Modify locale.localeconv(), time.tzname, os.strerror() and other functions to ignore the UTF-8 Mode: always use the current locale encoding.

The second fix documented the encoding used by the public C functions Py_DecodeLocale() and Py_EncodeLocale():

Encoding, highest priority to lowest priority:

UTF-8 on macOS and Android;

UTF-8 if the Python UTF-8 mode is enabled;

ASCII if the LC_CTYPE locale is "C", nl_langinfo(CODESET) returns the ASCII encoding (or an alias), and mbstowcs() and wcstombs() functions uses the ISO-8859-1 encoding.

the current locale encoding.

The fix was complex to be written because I had to extend Py_DecodeLocale() and Py_EncodeLocale() to support internally the strict error handler. I also extended to API to report an error message (called "reason") on failure.

For example, Py_DecodeLocale() has the prototype:

wchar_t*
Py_DecodeLocale(const char* arg, size_t *wlen)

whereas the new extended and more generic _Py_DecodeLocaleEx() has a much more complex prototype:

int
_Py_DecodeLocaleEx(const char* arg, wchar_t **wstr, size_t *wlen,
                   const char **reason,
                   int current_locale, int surrogateescape)

To decode, there are two main use cases:

(FILENAME) Use UTF-8 if the UTF-8 Mode is enabled, or the locale encoding otherwise. See Py_DecodeLocale() documentation for the exact used encoding, the truth is more complex.
(LOCALE) Always use the current locale encoding

(FILENAME) examples:

Py_DecodeLocale(), PyUnicode_DecodeFSDefaultAndSize(): use the surrogateescape error handler
os.fsdecode()
os.listdir()
os.environ
sys.argv
etc.

(LOCALE) examples:

PyUnicode_DecodeLocale(): the error handler is passed as an argument and must be strict or surrogateescape
time.strftime()
locale.localeconv()
time.tzname
os.strerror()
readline module: internal decode() function
etc.

Summary of PEP 540 history

Version 1: first version sent to python-ideas
Version 2: the POSIX locale now enables the UTF-8 mode
Version 3: the UTF-8 Strict mode now only uses the strict error handler for inputs and outputs
Version 4: PEP rewritten from scratch to be shorter
Version 5: open() error handler remains strict, and the "Strict UTF8 mode" has been removed
Version 6: locale.getpreferredencoding() now returns 'UTF-8' in the UTF-8 Mode.

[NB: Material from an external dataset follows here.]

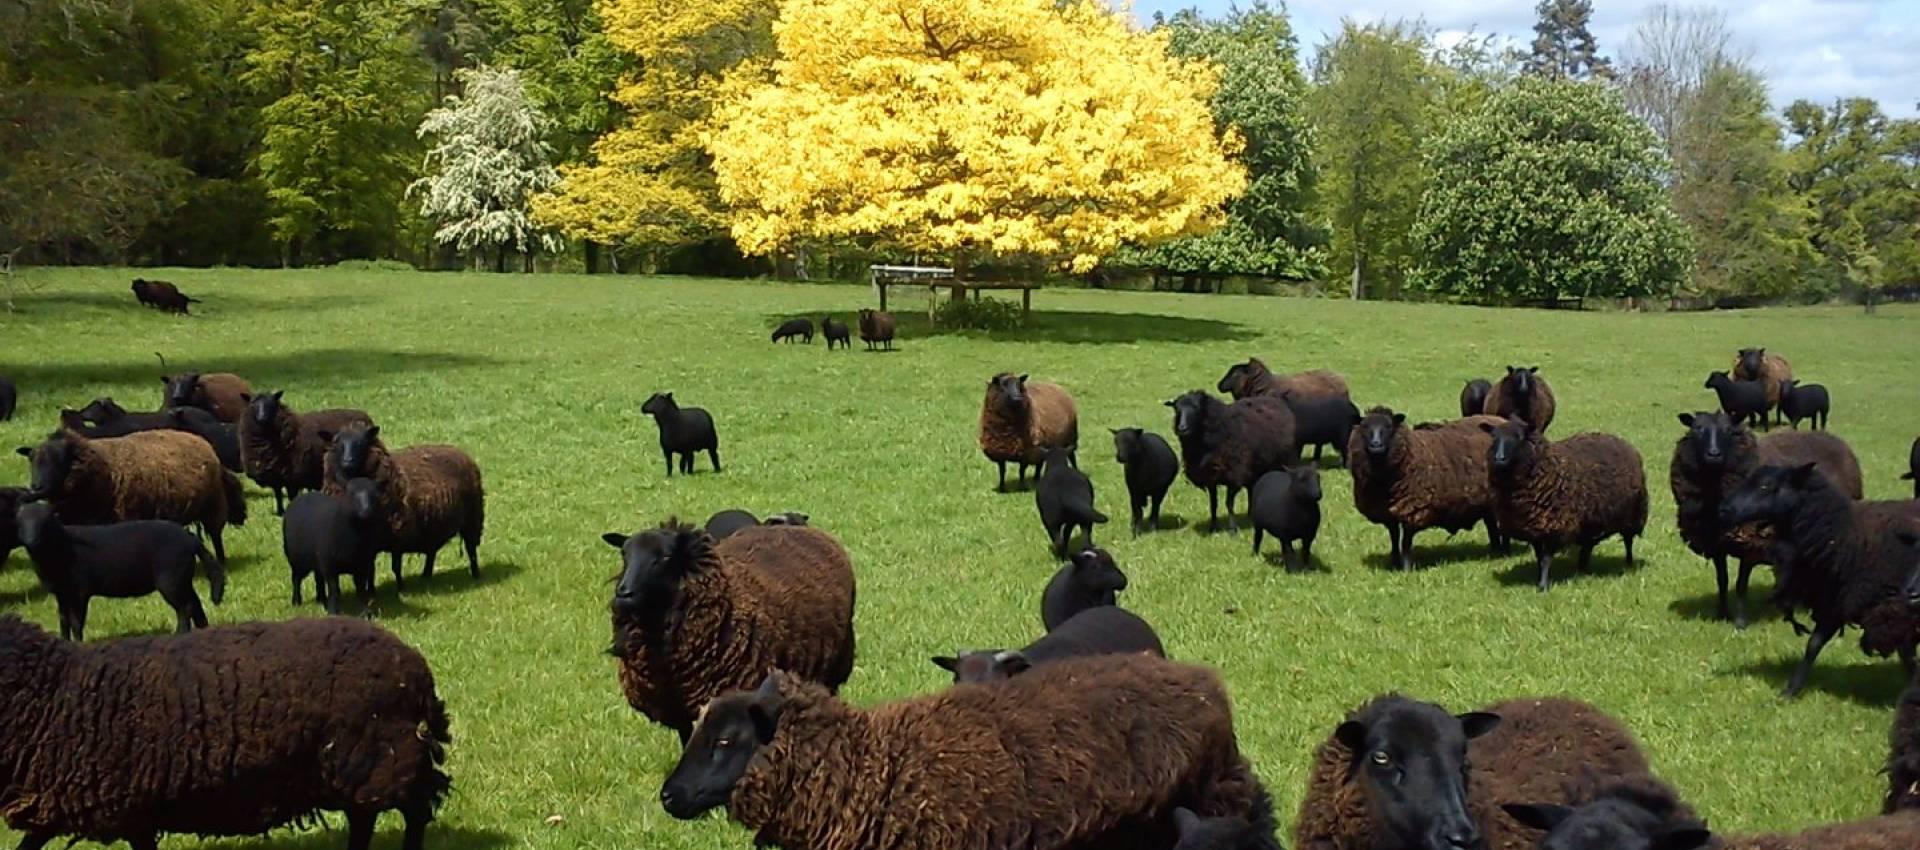 Black Welsh Mountain Sheep Breeders Association

Abstract of the final approved PEP:

Add a new "UTF-8 Mode" to enhance Python's use of UTF-8. When UTF-8 Mode is active, Python will:

use the utf-8 encoding, irregardless of the locale currently set by the current platform, and

change the stdin and stdout error handlers to surrogateescape.

This mode is off by default, but is automatically activated when using the "POSIX" locale.

Add the -X utf8 command line option and PYTHONUTF8 environment variable to control UTF-8 Mode.

Conclusion

It's now time for a well deserved nap... until the next major Unicode issue in Python.

(I love tigers: my favorite animals!)